In 1960, Rachel Carson wrote a book entitled “Silent Spring.” In it, she claimed that DDT was destroying our environment and must be banned. It was a popular book and accomplished its purpose. Production lines for DDT were shut down, and its import and export was restricted. 

However, Rachel Carson was not a scientist, and she was wrong. Science has long since debunked her book. Not only was there no scientific evidence that DDT would destroy the environment, common sense shows this as well. Anyone can see for themselves. We have the benefit of an environment made malaria-free by DDT, and we have a flourishing, healthy environment. Even after the full employment of DDT, our animal population has grown right along with the human population. 

But while the histrionic claims against DDT have been disproven, the effects of these false claims are still very, very real. Science or no science, America and Europe have turned their collective backs on the Third World. The cheap and effective pesticide that has made your world safe from malaria is not available for the people of Africa.

Hundreds of thousands of precious human beings die every year from a disease we know how to cure. Think about that. We spend billions of dollars to find a cure for diseases like cancer and AIDS and heart disease. But when it comes to malaria, once we cured ourselves, we refused to share the cure with our brothers and sisters in Africa.

Some diseases in Africa interest us greatly. In 2014, there was an outbreak of Ebola. All of America held its breath in great fear that it might spread to our shores. To protect Europe and America from Ebola, the World Health Organization imposed travel restrictions in West Africa that decimated their economy, which was only beginning to recover from years of a terrible war. 

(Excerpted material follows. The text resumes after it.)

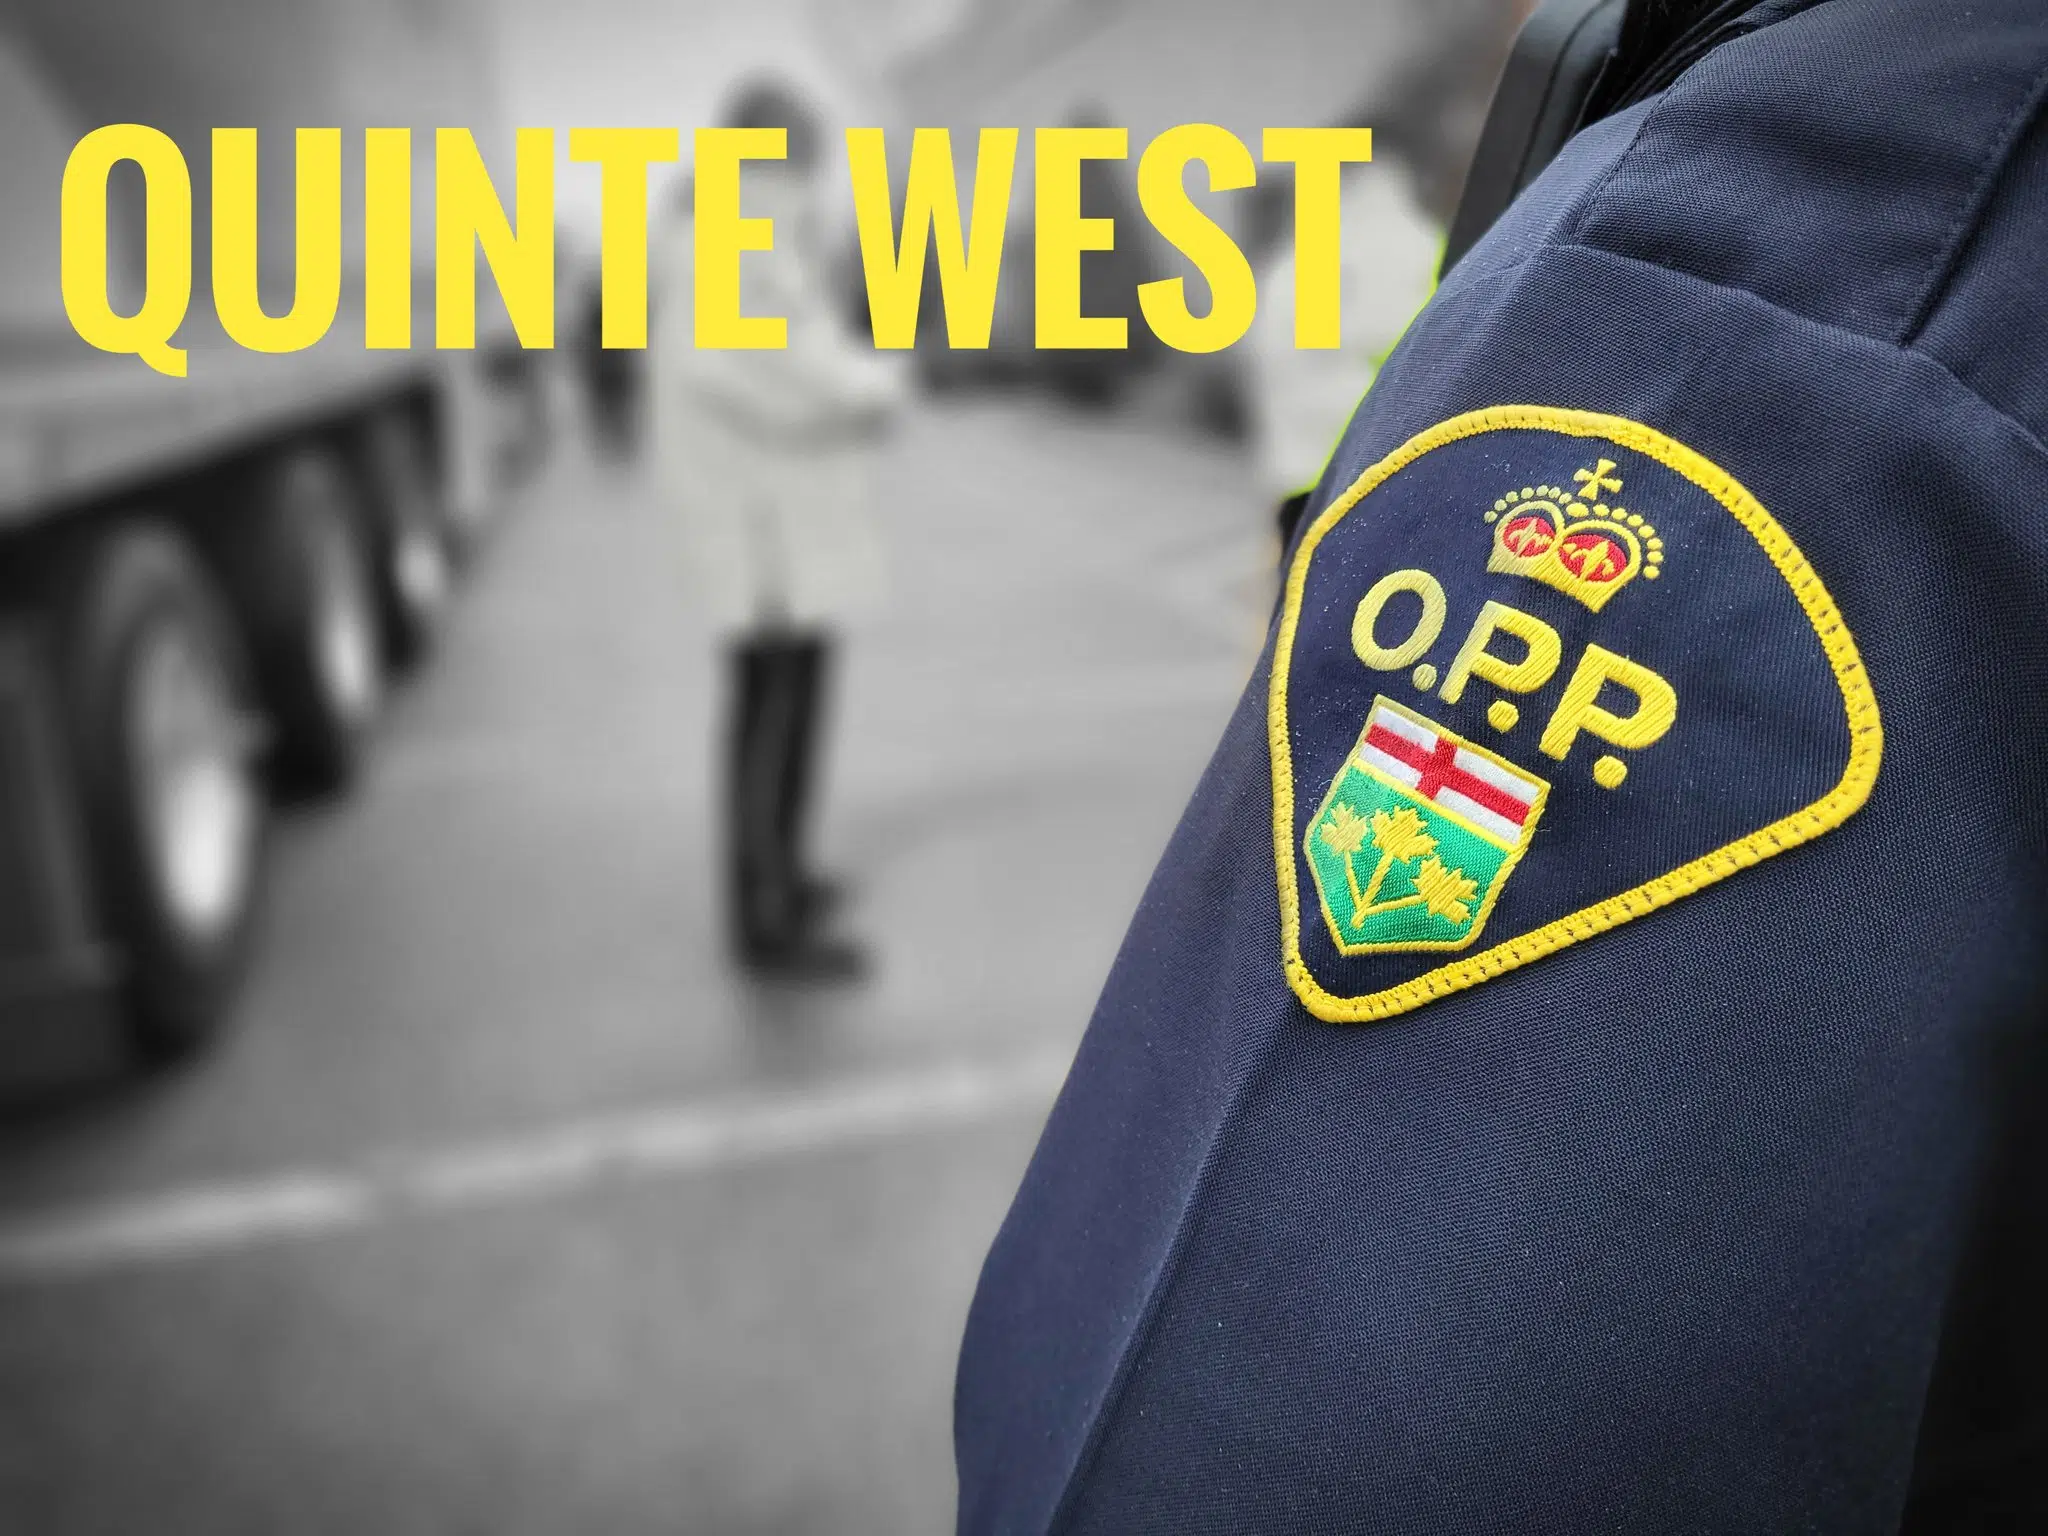 Quinte West man arrested for firearms offences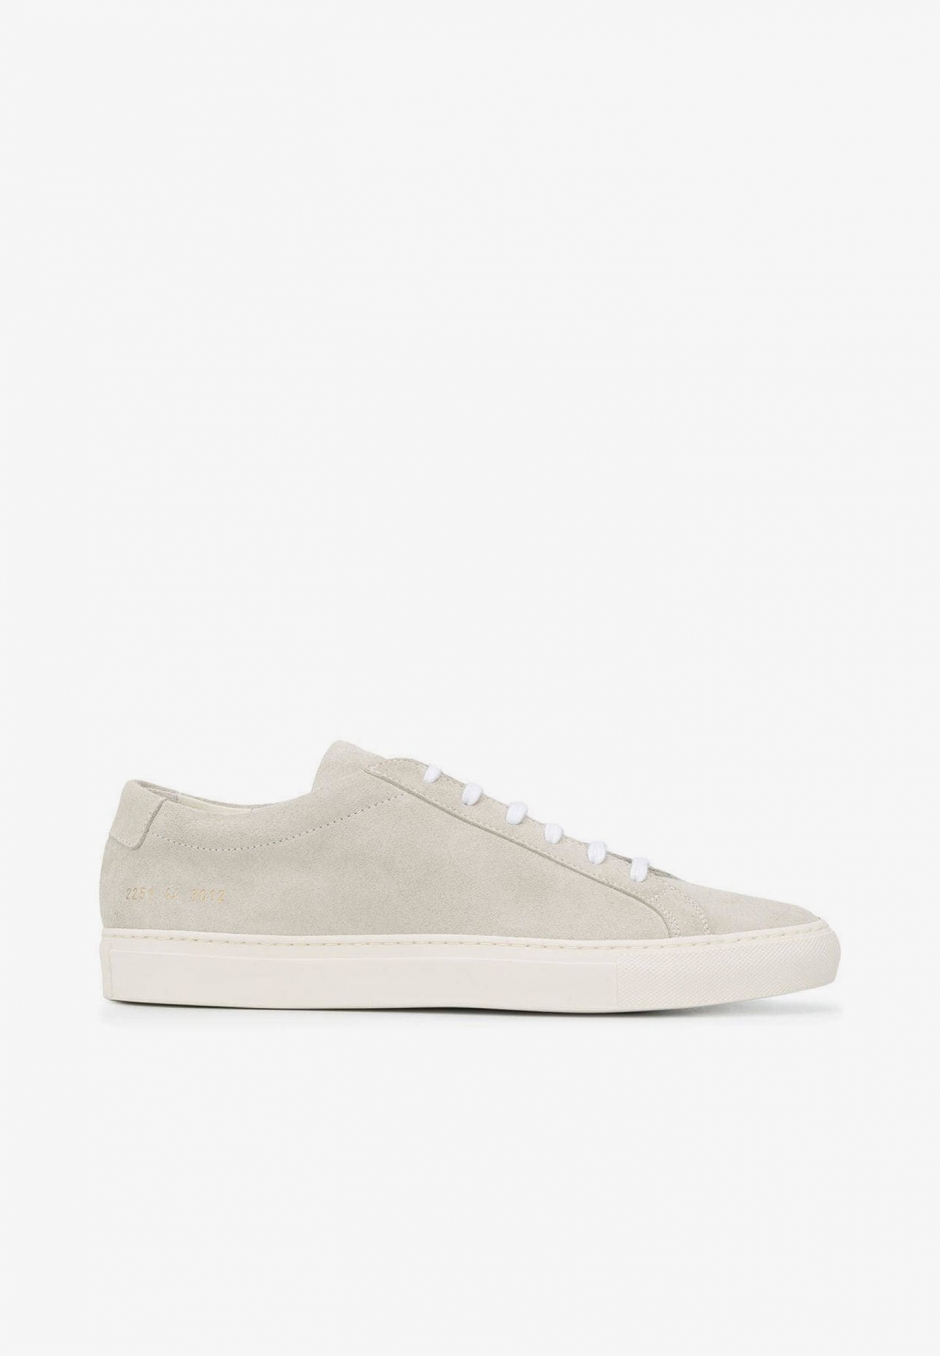 Common Projects Orginal Achilles Suede Off White

But did you know that during the same period when 11,500 people were dying of Ebola, over 20,000 people were dying of malaria? Now that Ebola’s threat has ended, malaria continues unabated. Twenty thousand people die per month — every single month. But as long as there is no threat that it might come to us, nobody seems to care.

It is time to care. It is past time. We ourselves live in an environment made safe from malaria. How can we callously deny the means for others to make their own environment just as safe? Science long ago corrected the wildly false claims of Rachel Carson. It is time to educate ourselves and our children on the scientific truths. Maybe then public policy will catch up to the science. To live by science and not superstition is always an improvement. There is already plenty of superstition in Africa that detracts from life, liberty, and the pursuit of happiness. 

Let us join hands to lift the single most deadly superstition that oppresses them, for this superstition came from America and can only be corrected by America. The Third World should be allowed to benefit by the same science that made us safe.